In my opinion, gold miners have always been a poor way to diversify into gold for the purpose of hedging and risk reduction in a portfolio. Mining stocks are extremely volatile and seem to chronically underperform gold bullion over the long term.

If you're doing this due to politics or risk management, I think you're better off with a pure bullion ETF. My choices for this are IAU in the US and MNT in Canada, both of which are gold bullion and track the gold price quite well in their respective currencies. You can also hold physical gold.

Additionally when looked at from the perspective of portfolio design (to reduce volatility), mining stocks are absolutely the wrong choice. Gold bullion is the thing that has low correlations with stocks and bonds, and so it's the correct tool in portfolio design.


----------



## prex (Aug 27, 2017)

Thanks for the feedback, this is highly appreciated. I ended up taking a small position. In my opinion Pershing Gold stock price should start moving up once the drilling results come back, the ore reserves increase and construction starts. I suppose this will happen rather sooner than later. Time will tell...


----------



## prex (Aug 27, 2017)

Good deal for Pershing imo. According to information provided during the conference call the intention of the new management is to get the financing done for the Relief Canyon mine in the next 2-4 months.

Americas Silver Corporation and Pershing Gold Corporation Announce Business Combination
Company Release - 9/30/2018 9:48 PM ET
https://finance.yahoo.com/news/americas-silver-corporation-pershing-gold-014800688.html

"Under the terms of the Agreement, holders of Pershing common shares will receive 0.715 common shares of Americas Silver for each common share of Pershing by way of a share exchange (the "Exchange Ratio"). Holders of Pershing preferred shares may elect to exchange those shares for new non-voting preferred shares of Americas Silver, adjusted in respect of exercise price and number based on the Exchange Ratio, or common shares of Americas Silver based on the Exchange Ratio.
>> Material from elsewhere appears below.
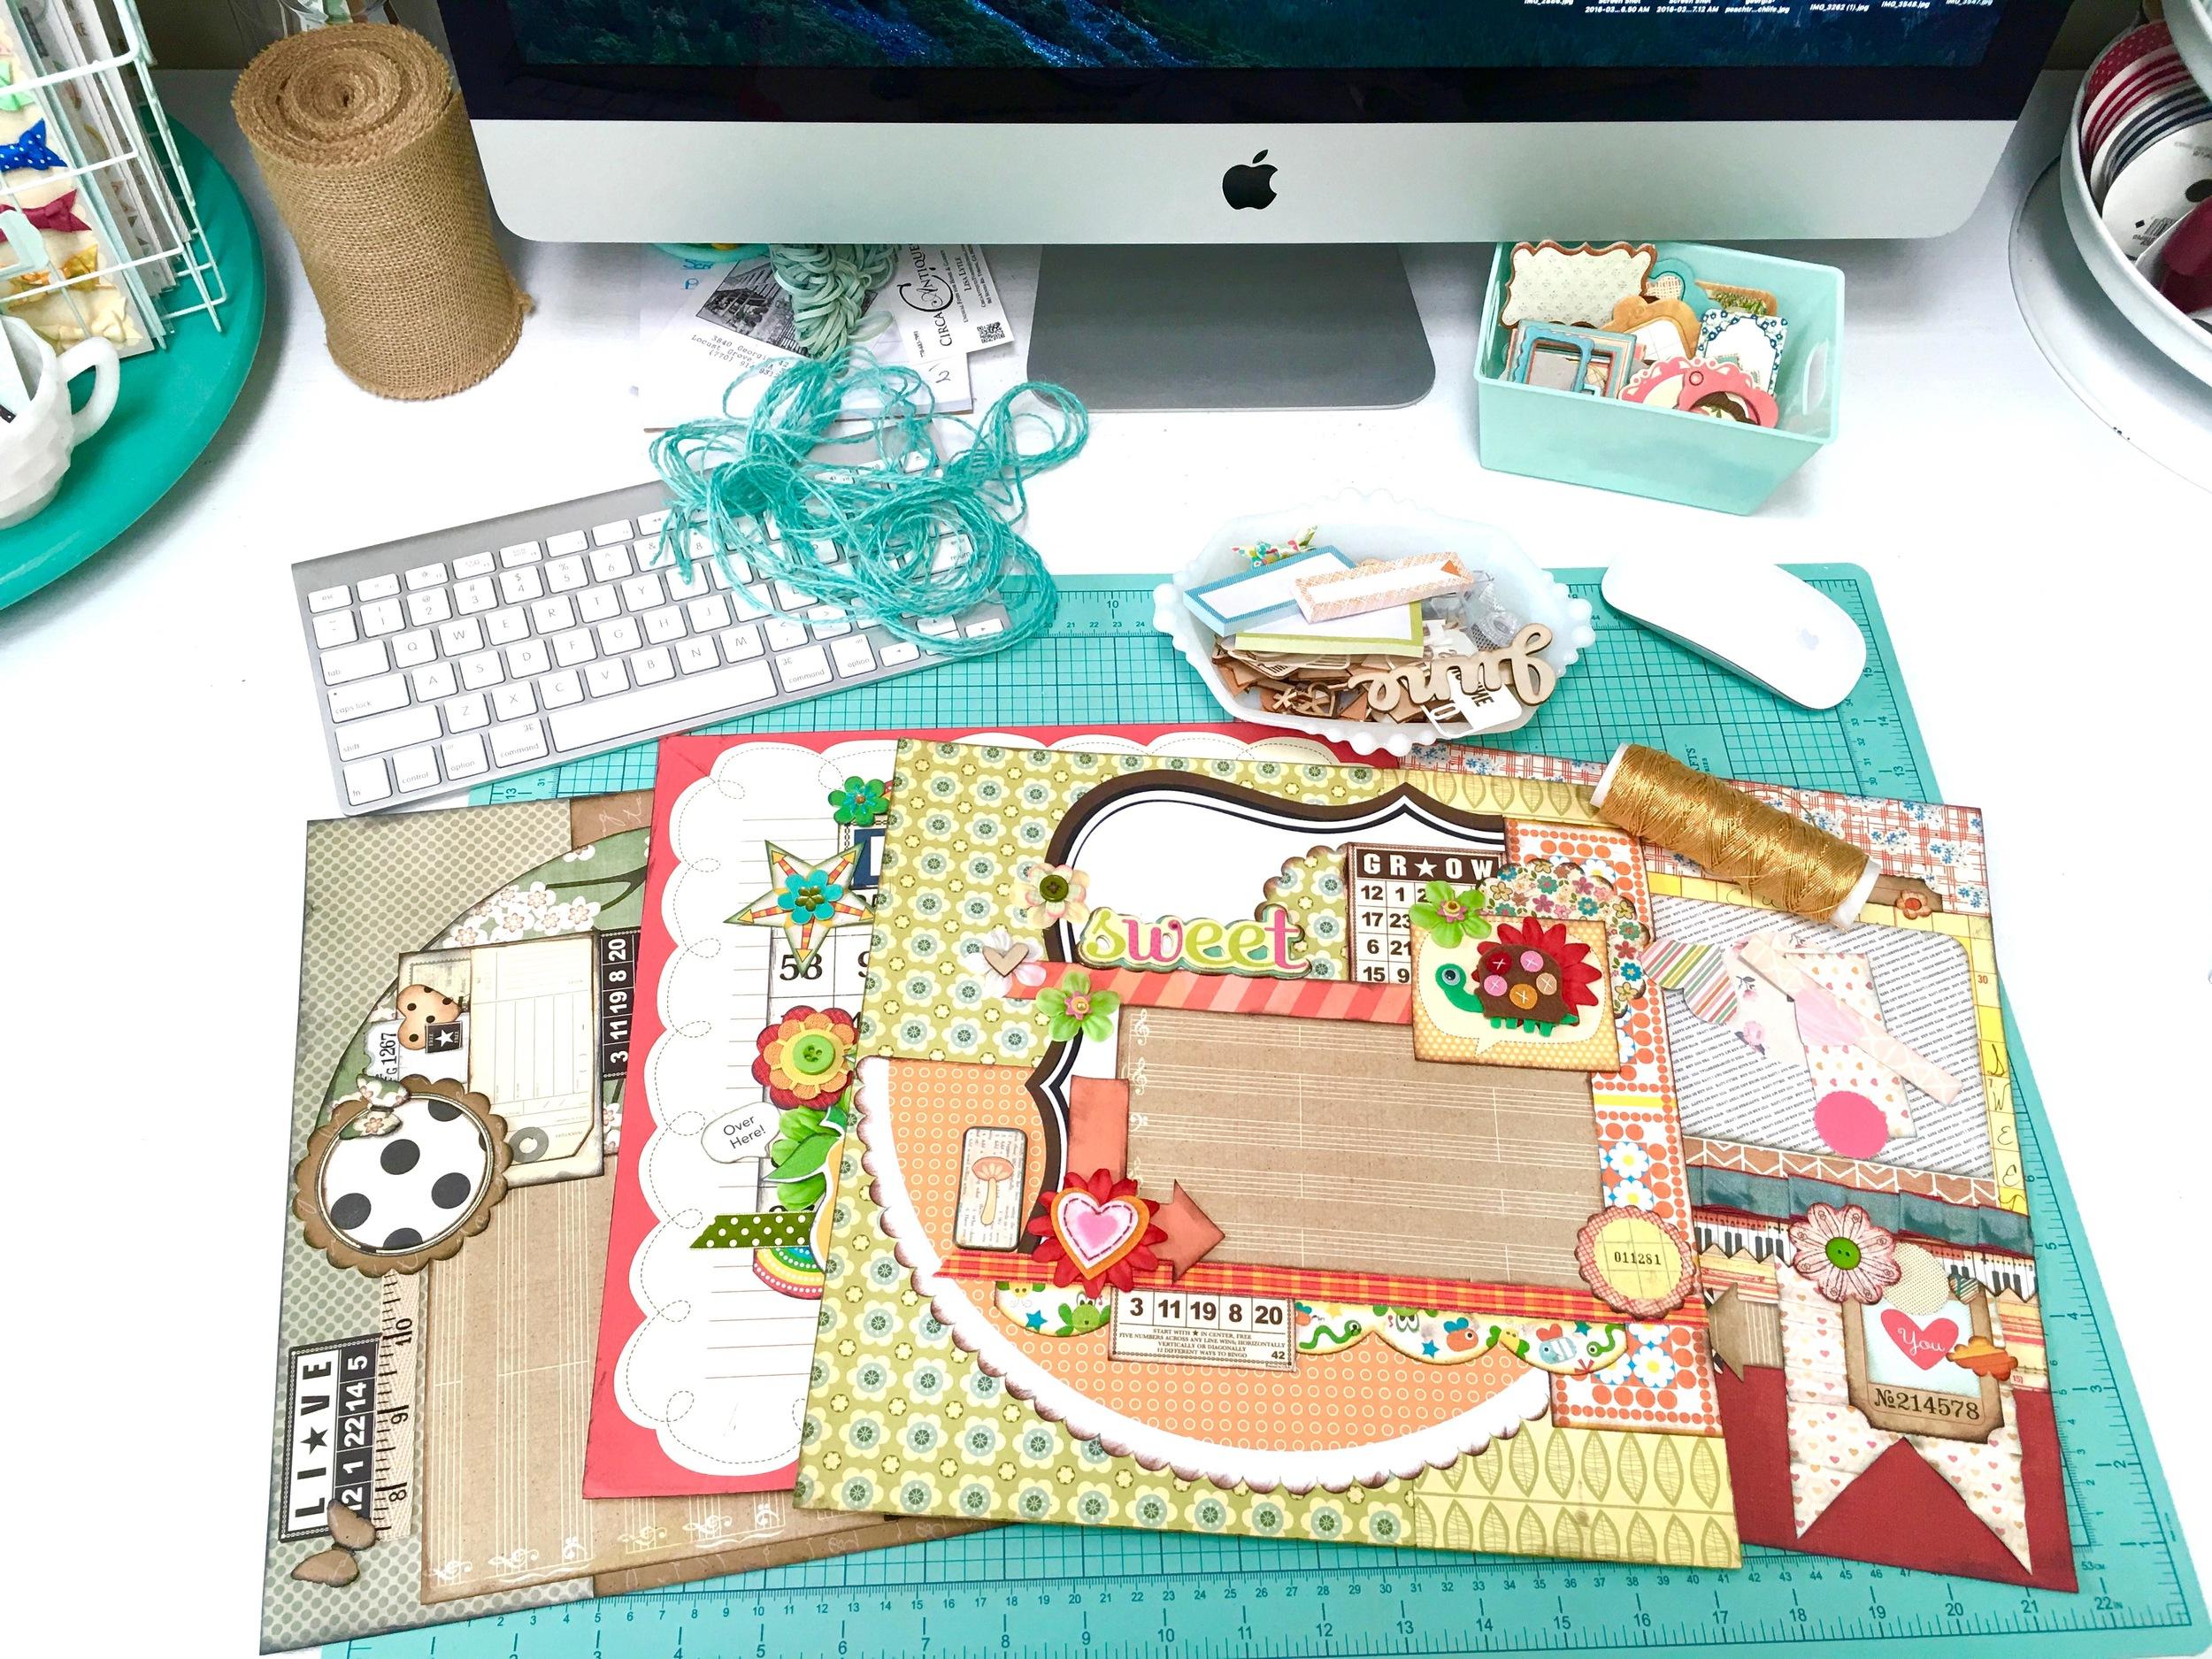 scrapbooking-scrapbook-desk-scrapbook-pages-a-peach-life

Based on the closing price of Americas Silver on the NYSE American on September 28, 2018, this implies a value of US$1.69 per Pershing common share. This represents a 39% premium to Pershing's closing price on the NASDAQ and a 39% premium based on the volume weighted average prices of Americas Silver and Pershing for the 10-day period ending on September 28, 2018. Existing shareholders of Americas Silver and Pershing will own approximately 64% and 36%, respectively, on an undiluted basis, following the close of the Transaction."


----------



## prex (Aug 27, 2017)

Just in case someone is looking for a promising mining company due to possible declining stock markets and a possible rise of metal prices. Americas Silver plus Pershing Gold has lots of potential imo.

Acquisition of Pershing to give USA step-change growth and diversification into Nevada gold
https://gmpsecurities.bluematrix.co...ematrix.com&source=libraryView&htmlToPdf=true


----------